履霜楼とは"霜を踏む"という意味で、『周易』からつけられた言葉です。10月になると霜が降りて木の葉っぱも根に戻っていくのに、まして人になっては'根'を考えなくてはならないというのです。それで、この頃の旧暦10月10日に元祖である金宣平の墓場に行って、祭事をします。祭事をする朝になると、皆、履霜楼に集まって、執事分定という、祭事の業務を分かち合うことをします。そして、祭事が終わった後、門中会議やお下がりをいただくこともこの履霜楼でします。
かつては夜12時がすぎて祭事をしたものですから、これが終わった後には、白い霜が降りていたそうです。祭事が終わった後、皆で霜を踏みながら戻ってきて、一夜の間に情話を交わし、先祖を追慕する場所、履霜楼はそういう所でした。そのため、履霜楼という名が付いたのです。
ストレート型の楼閣である履霜楼、「口」の形の台庄斎舍、「匚」の形の庫直舍が現在残ってる建物ですが、これらを合わせて台庄斎舍と呼びます。履霜楼は通常の建物とはっきりと違います。前面7間、側面2間の長方形の中央に大きな門があって、この門を開けて階段を上がると、内庭へと向かうようになっています。

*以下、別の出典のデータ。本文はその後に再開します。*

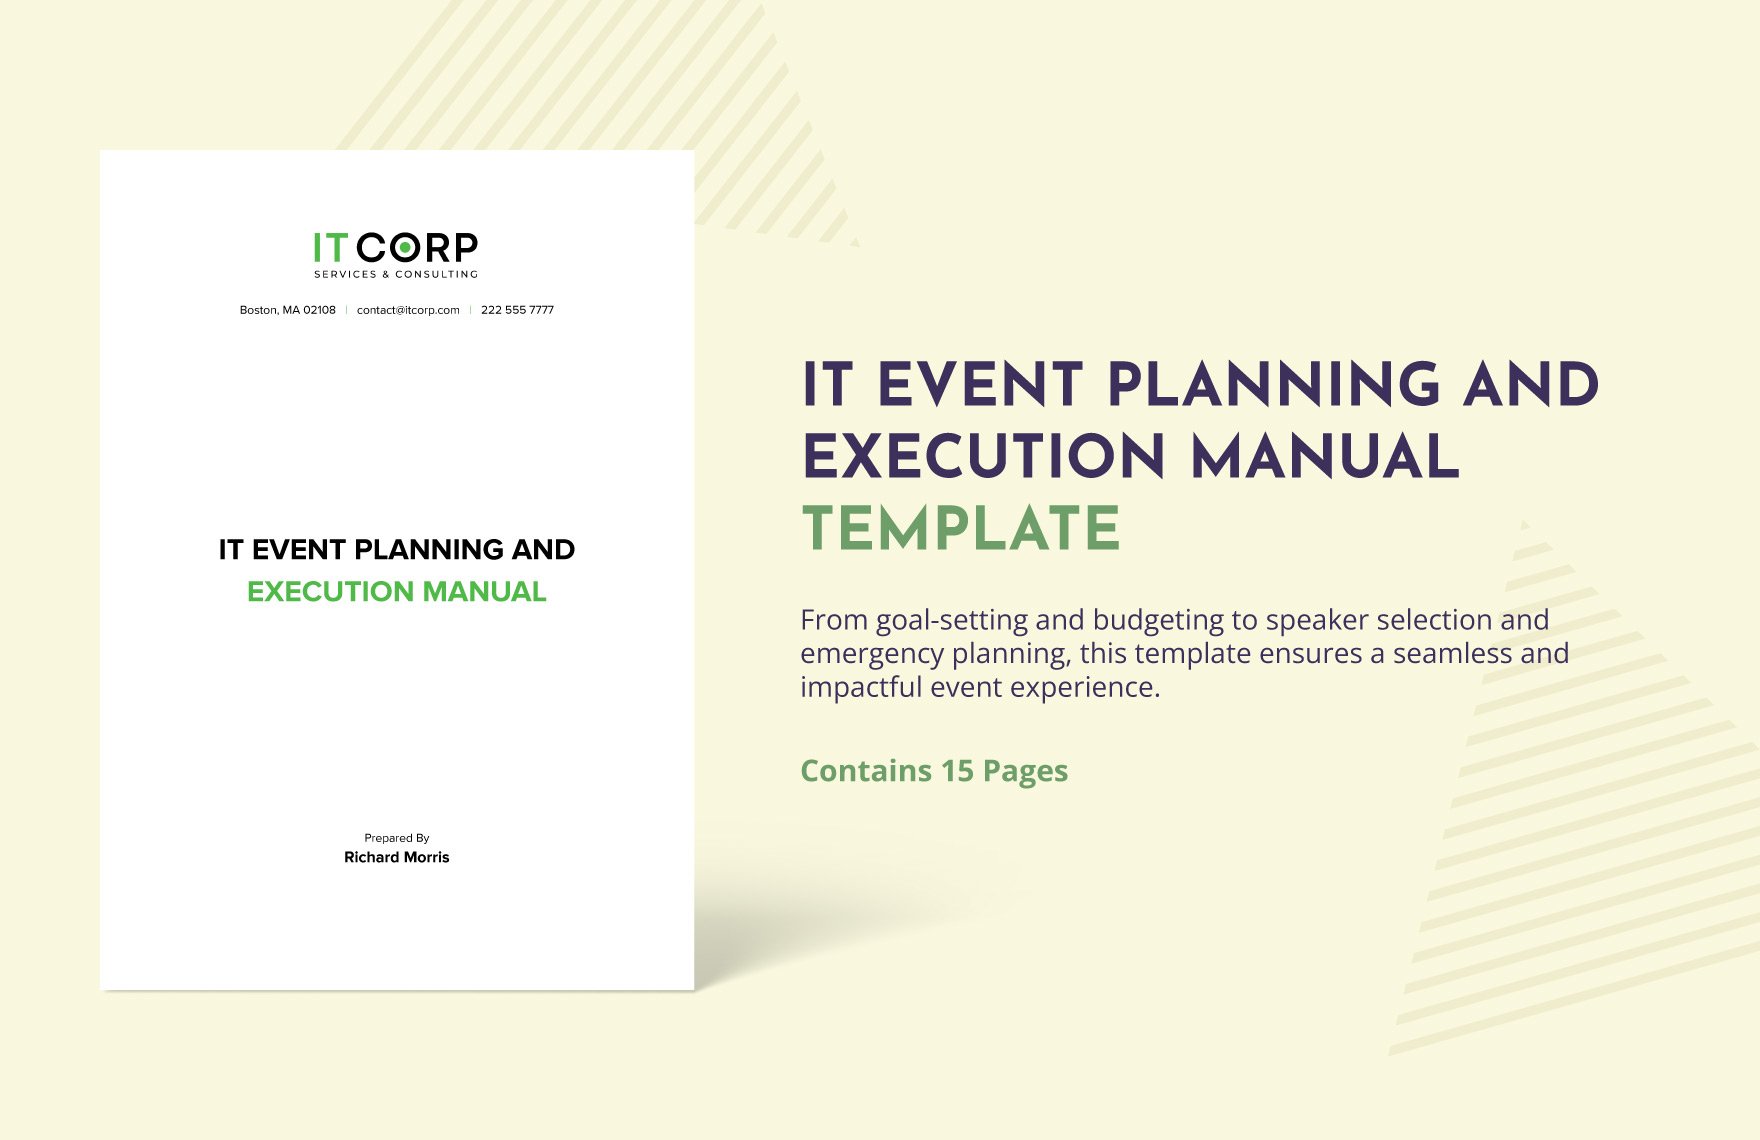 IT Event Planning and Execution Manual Template in Word, Google Docs, PDF

中心となる柱は八角ですが、楼閣の上の外壁は門を付けて閉鎖し、内壁は開放して板の間を見えるようにしました。
屋根は、側面が「八」の字である華やかな入母屋造ですが、1981年4月25日に慶尙北道の民俗資料・第26号に指定されました。慶尙北道の斎舍の建物の中でも一番の大規模であるという履霜楼は安東金氏の宗中から管理されています。